Le Nobel de la paix au président colombien

Juan Manuel Santos Copyright de l’image Getty Images
Image caption Juan Manuel Santos, lors d'une réunion bilatérale avec Barack Obama, en septembre 2016, à New York.

Juan Manuel Santos a été récompensé du prix Nobel de la paix pour avoir conclu avec la guérilla marxiste des Forces armées révolutionnaires de Colombie (Farc) un accord mettant fin à un conflit de plus de 50 ans.

Le lauréat s'est évertué à mettre fin à un demi-siècle de guerre fratricide.

Lors d'un référendum organisé dimanche dernier, l'accord qu'il a signé avec les Farc a été rejeté par les Colombiens, qui le jugent trop favorable aux guérilleros.

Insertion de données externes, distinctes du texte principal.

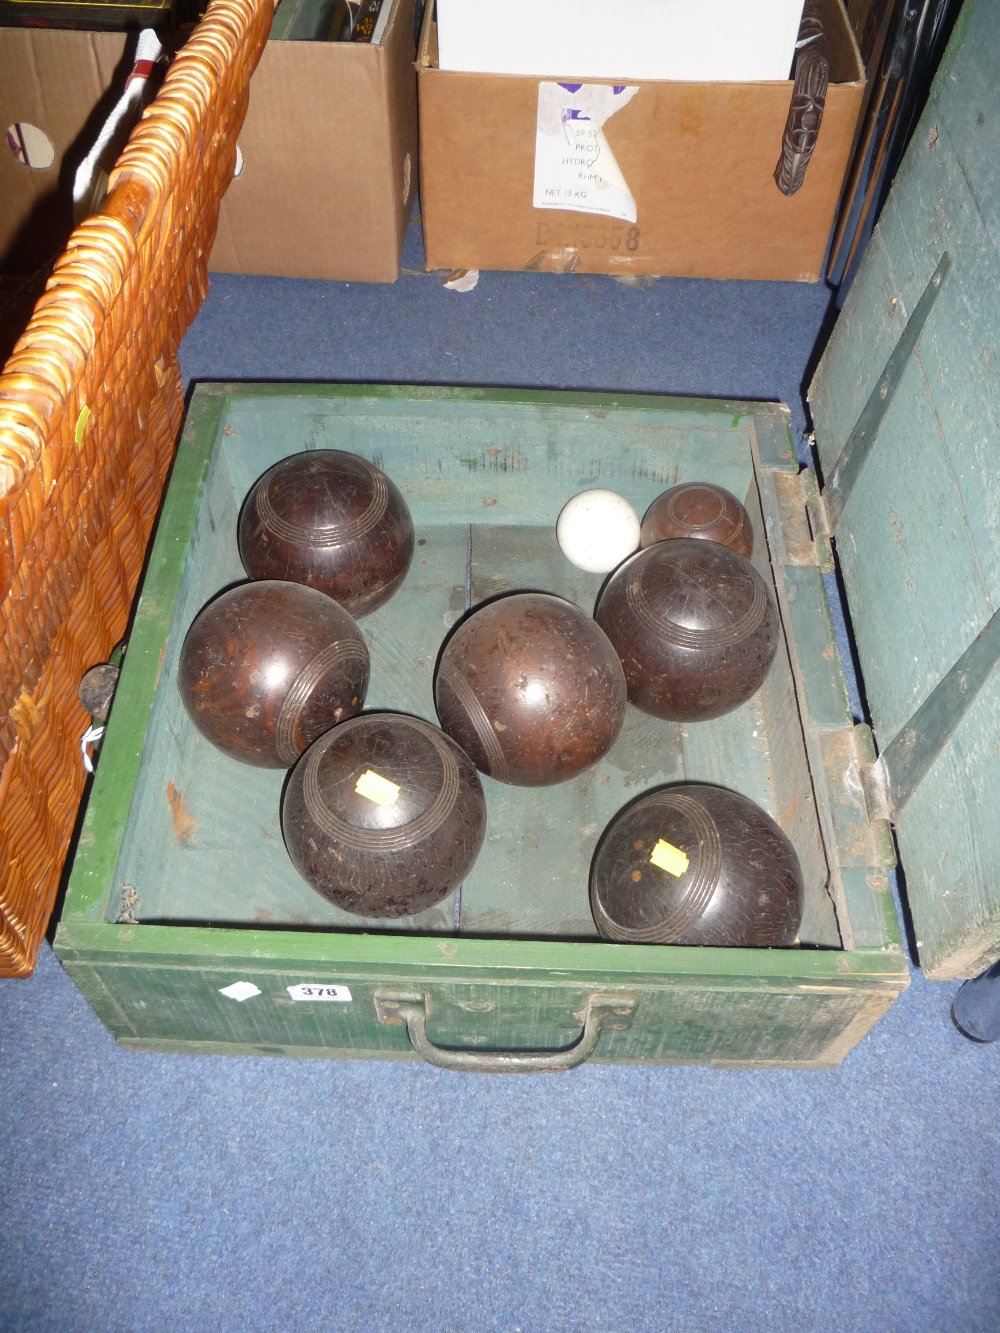 A box of green bowls

Juan Manuel Santos, 65 ans, est issu d'une famille de la haute société de Bogota.

Ce journaliste a remporté le prix du roi d'Espagne pour ses chroniques sur la révolution sandiniste au Nicaragua.

Il a débuté sa carrière politique en 1991.

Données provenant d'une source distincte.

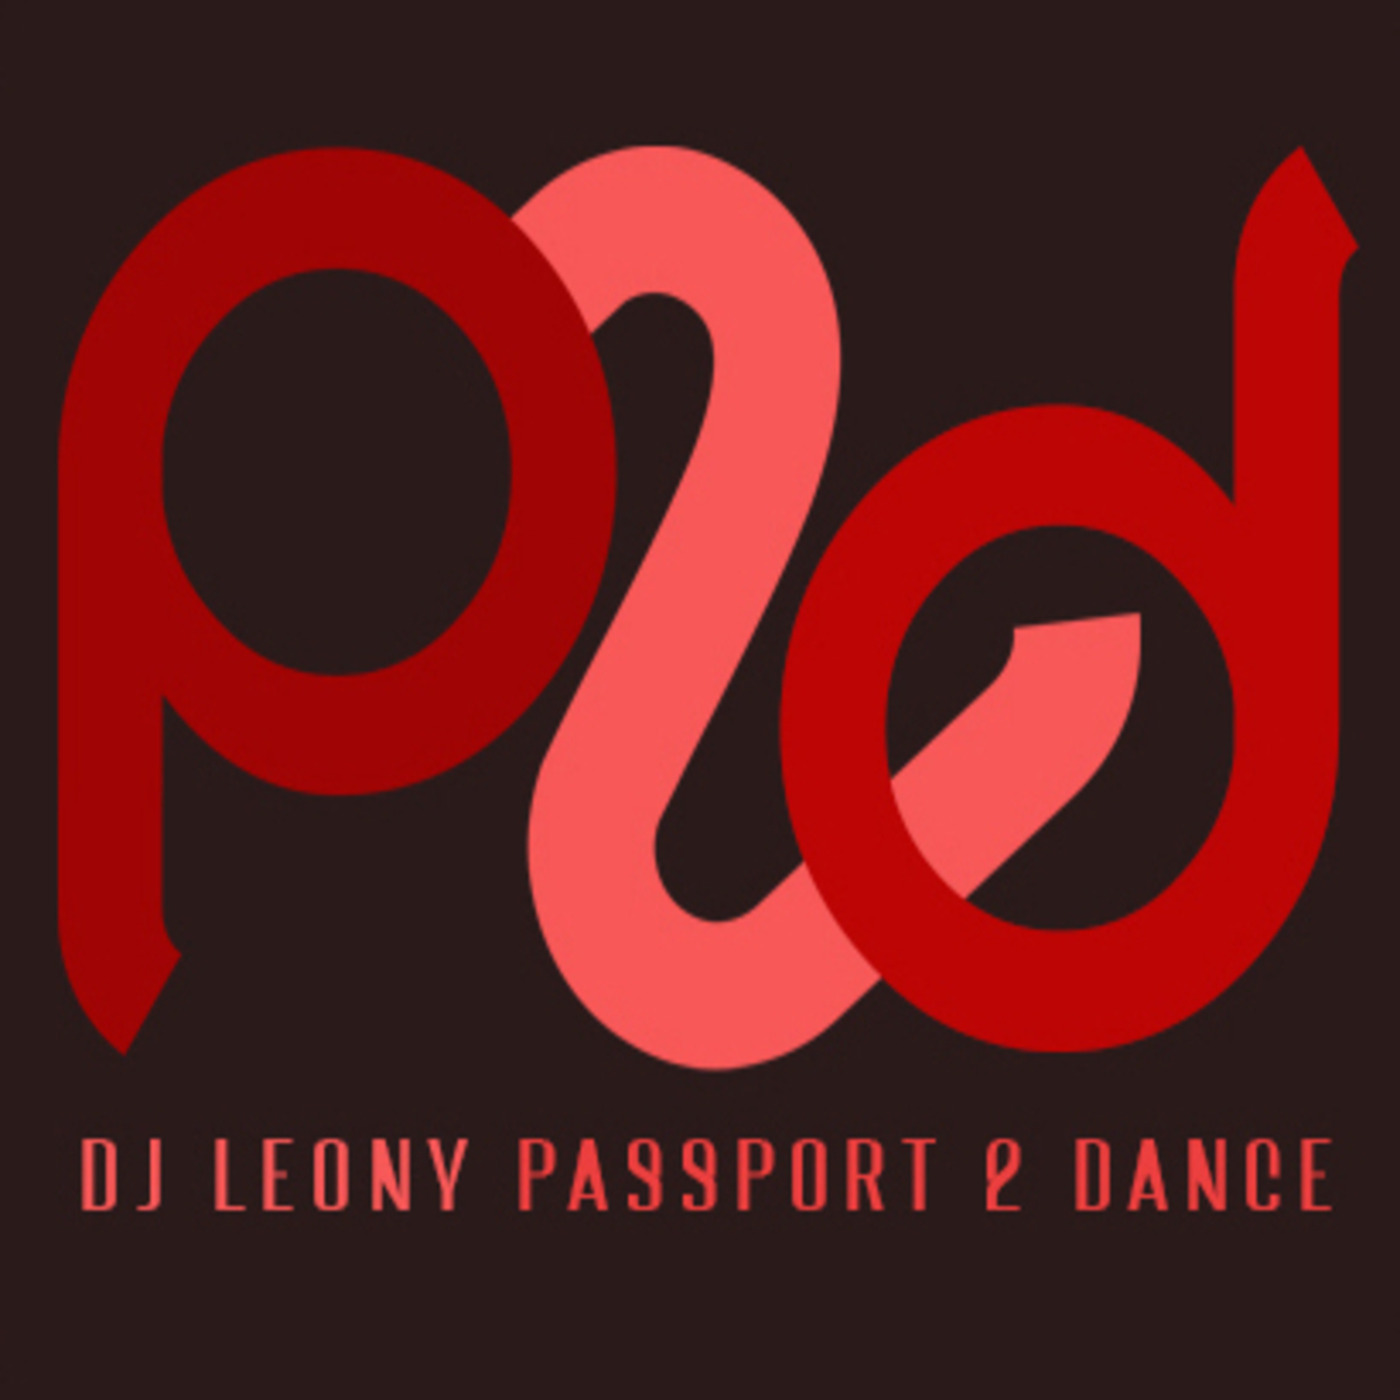 Episode 32767: djleony pres. Passport 2 Dance 031922

Admirateur de Winston Churchill, Franklin Delano Roosevelt et Nelson Mandela, Juan Manuel Santos est un passionné de lecture et de cinéma.

"Le fait qu'une majorité des votants ait dit non à l'accord de paix ne signifie pas nécessairement que le processus de paix est mort", a fait valoir la présidente du comité chargé d'attribuer le prix Nobel de la paix, Kaci Kullmann Five.

"Un leadership courageux"

"Je continuerai à rechercher la paix jusqu'à la dernière minute de mon mandat parce que c'est le chemin à suivre pour laisser un pays meilleur à nos enfants", a déclaré le chef de l'Etat colombien, dimanche, après le rejet de l'accord signé avec les Farc.

"Le président a fait preuve d'un leadership courageux. Courageux car il a préféré la paix à l'inertie de la guerre", a souligné en début de semaine Humberto de la Calle, le chef des négociateurs avec les Farc.

L'accord historique signé avec les guérilleros est le résultat de près de quatre années de pourparlers délocalisés à Cuba, avec la plus ancienne et plus importante guérilla du pays.

Cet accord signé à La Havane le 24 août a été salué par la communauté internationale.

La confrontation entre guérillas d'extrême gauche, les paramilitaires d'extrême droite et les forces armées colombiennes a fait plus de 260 000 morts, 45 000 disparus et 6,9 millions de déplacés.